The biggest demand that was not met was for a decent moderator willing to handle the heavyweights President Obama and Republican nominee Mitt Romney with an equally heavy hand.
Listening to these demands is precisely what has driven the debate dialogue this election season — at least for the candidates — and heeding them is also why debate dialogue is as polarized as it has ever been.
Town hall debates are known to generally hold an even keel, not leaning too far toward one candidate or the other, and this particular town hall was no different. Although both candidates performed admirably regarding their bases, President Obama was able to shine above Romney — if only by means of not sleeping through this session like he did in the previous.
“Governor Romney doesn’t have a five-point plan; Governor Romney has a one-point plan: Make sure that folks at the top play by a different set of rules,” Obama said early in the debate.
Direct attacks like these literally took center stage last night as the candidates stood, walked the floor and accused each other of various oversights face-to-face.
But still, as demonstrated by the polarity seen in the vice presidential debate, each camp only seems to be appealing to his core: those voters already in the bag.
One of the most beneficial voting blocks up for grabs tonight was female voters. According to a poll released Monday by Gallup and USA Today, the enormous advantage Obama once held over female voters has eroded since the first debate, and, shockingly, many have flocked to the Republican camp.
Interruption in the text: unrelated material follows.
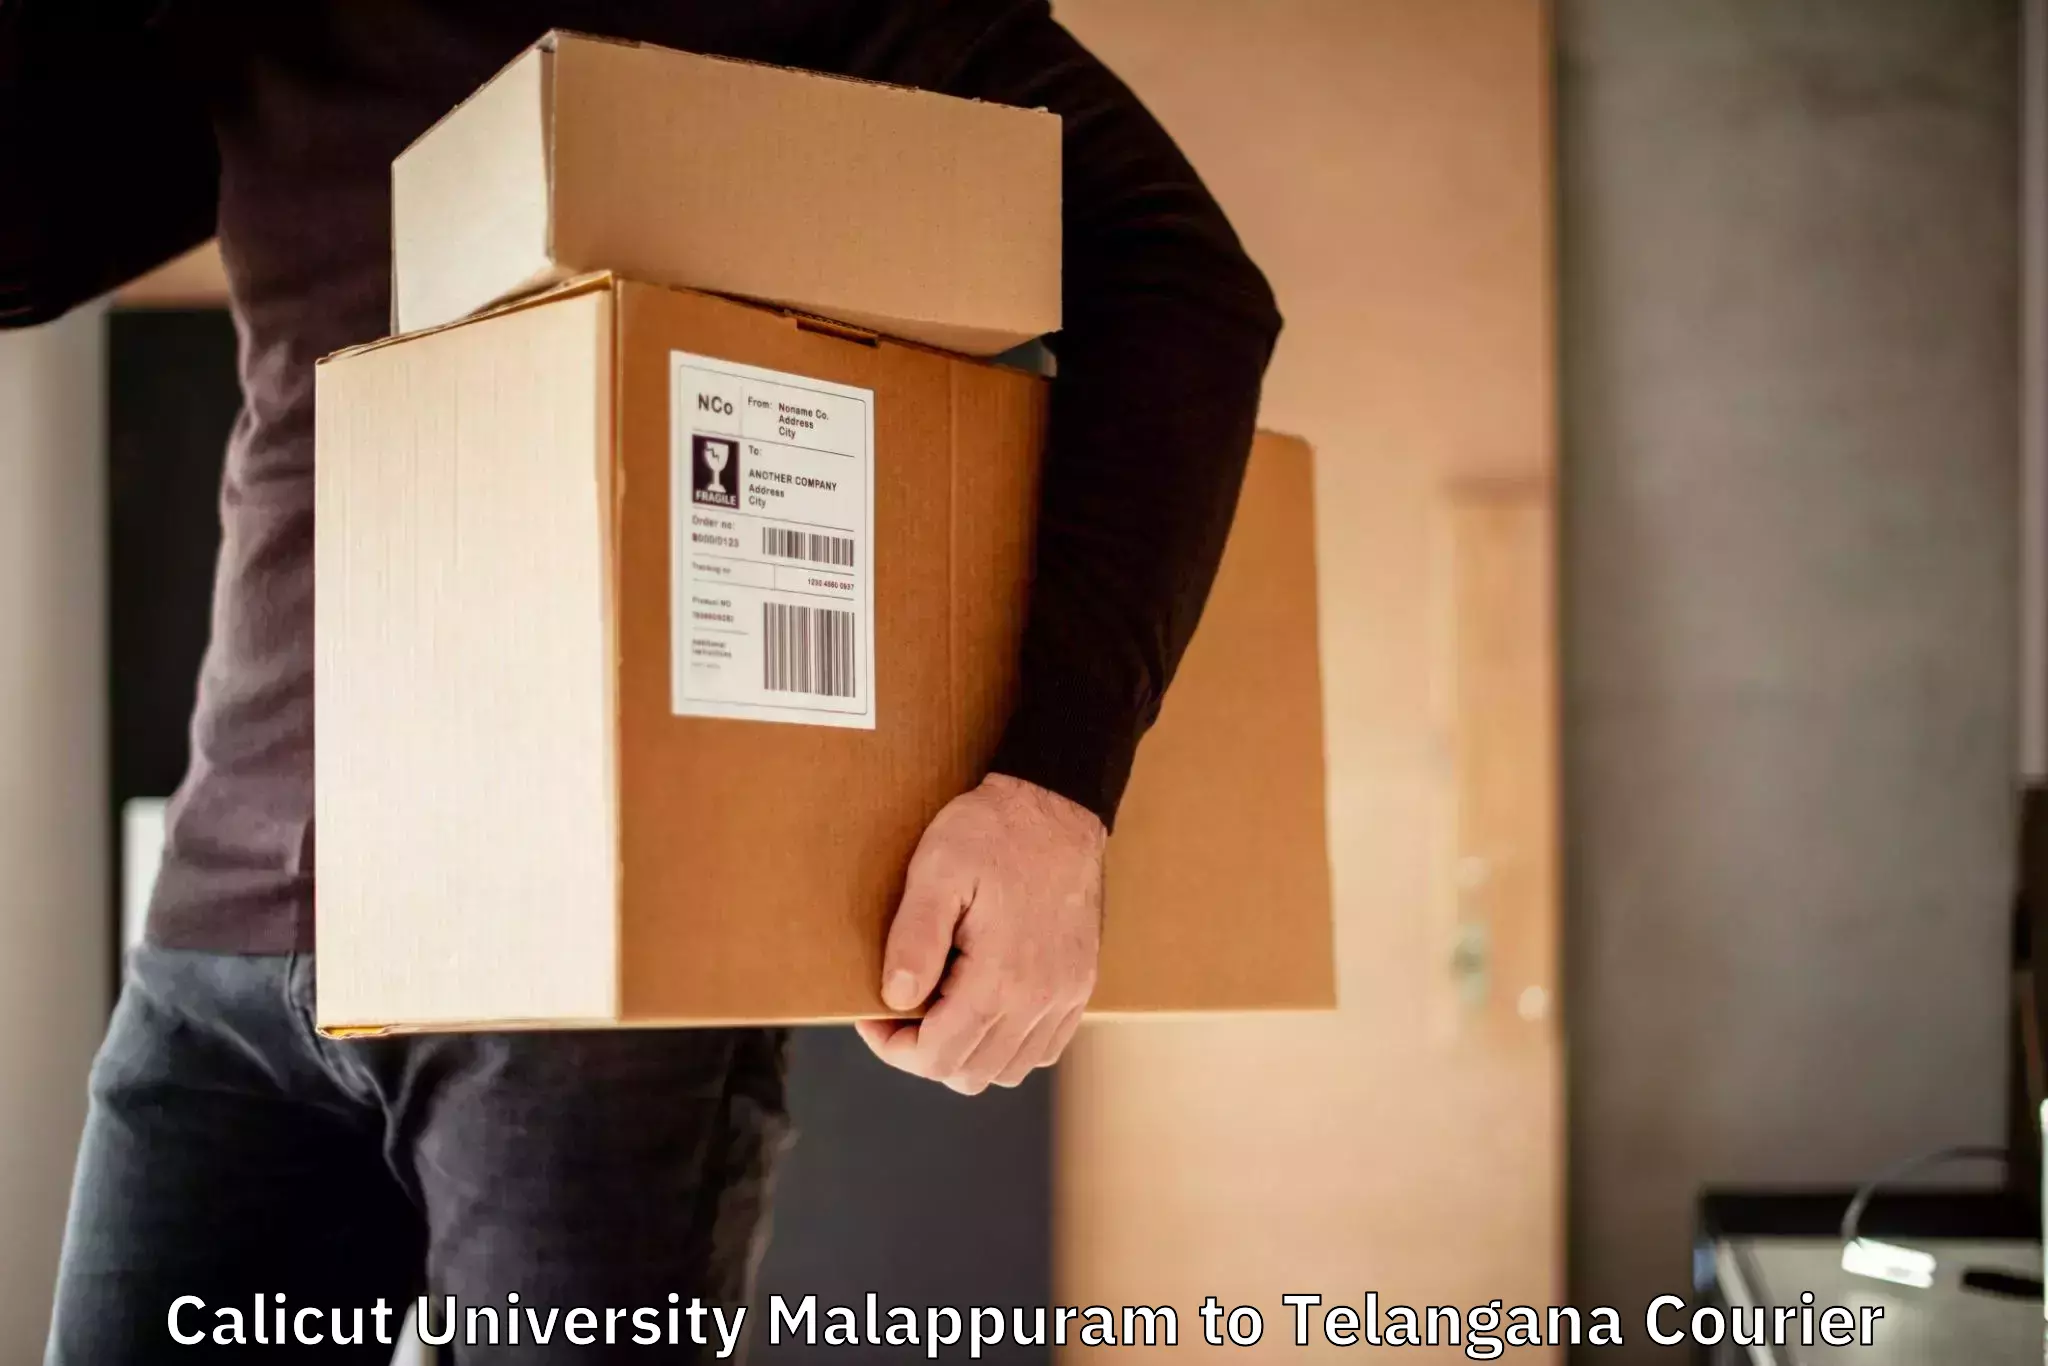 Comprehensive logistics solutions Calicut University Malappuram to Mudigonda

In swing states, Romney has tied his opponent for likely female voters.
Unfortunately for Romney, though, his handling of women’s issues last night were framed with a conservative lining that does not bode well for his new supporters.
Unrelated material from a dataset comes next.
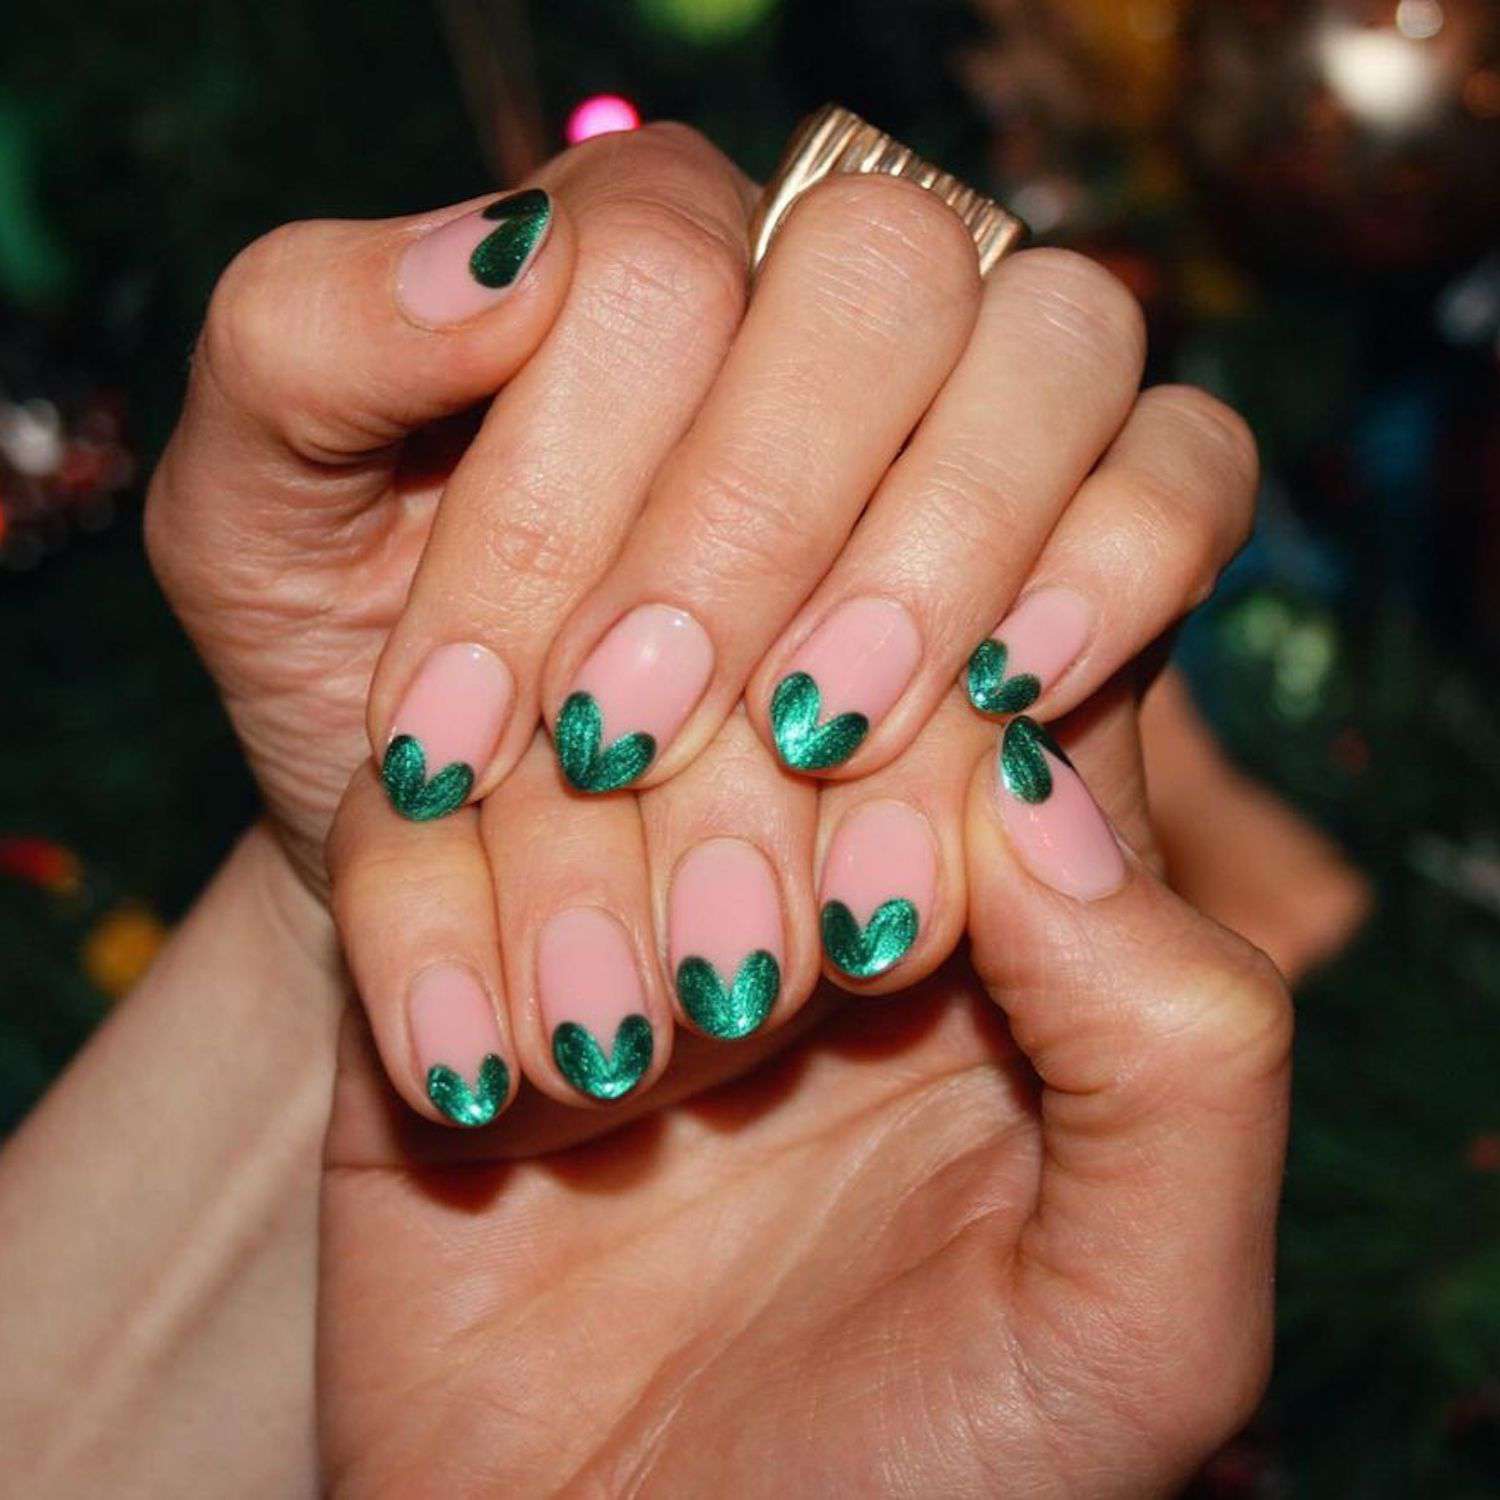 Manicure francesa com corações usando verniz metálico verde escuro

When asked about equal pay and fair hiring for women, for instance, Romney’s response seemed to treat women as working against the cultural current, and his aim to make employers actually want women workers insinuated a bias that shouldn’t exist in the first place.
This is a hard question to address directly because this bias does exist for many employers, but the governor’s clumsy response could never stand up to the Democratic Party’s support of the availability of contraceptives — though Romney was wise to distance himself from anti-contraceptive policy.
“In my economy, employers are going to be so eager for new employees that they’ll hire women,” Romney said.
Romney set himself back considerably with women voters when he brought family values into the topic of gun violence and control.
According to Romney, the best deterrence to gun violence is a strong family. Just like his answer to female employment, he does have a point here. But after former Pennsylvania Sen. Rick Santorum toured the country deploring today’s anti-family values, people are wise to the notion of family rights and enforcement.
This is because it typically means pro-life and anti-contraceptive policies and traditional, conservative family values which tend to single out women as homemakers.
Romney stood above the President on the economy last night, however, and his portrayal of the stats — though often misleading — will play into his hand.
The deficit has grown rather than halved, Romney said, and unemployment stands where it was upon Obama’s inauguration.
The duality between the Democrats’ edge on social issues and the Republican’s focus on the economy have defined election season thus far and will continue to do so until election day.
Now that Obama has altered his approach and brought a hotter head into the ring, those unsure of granting him a second vote will shake their reluctance more easily, especially after last night’s debate.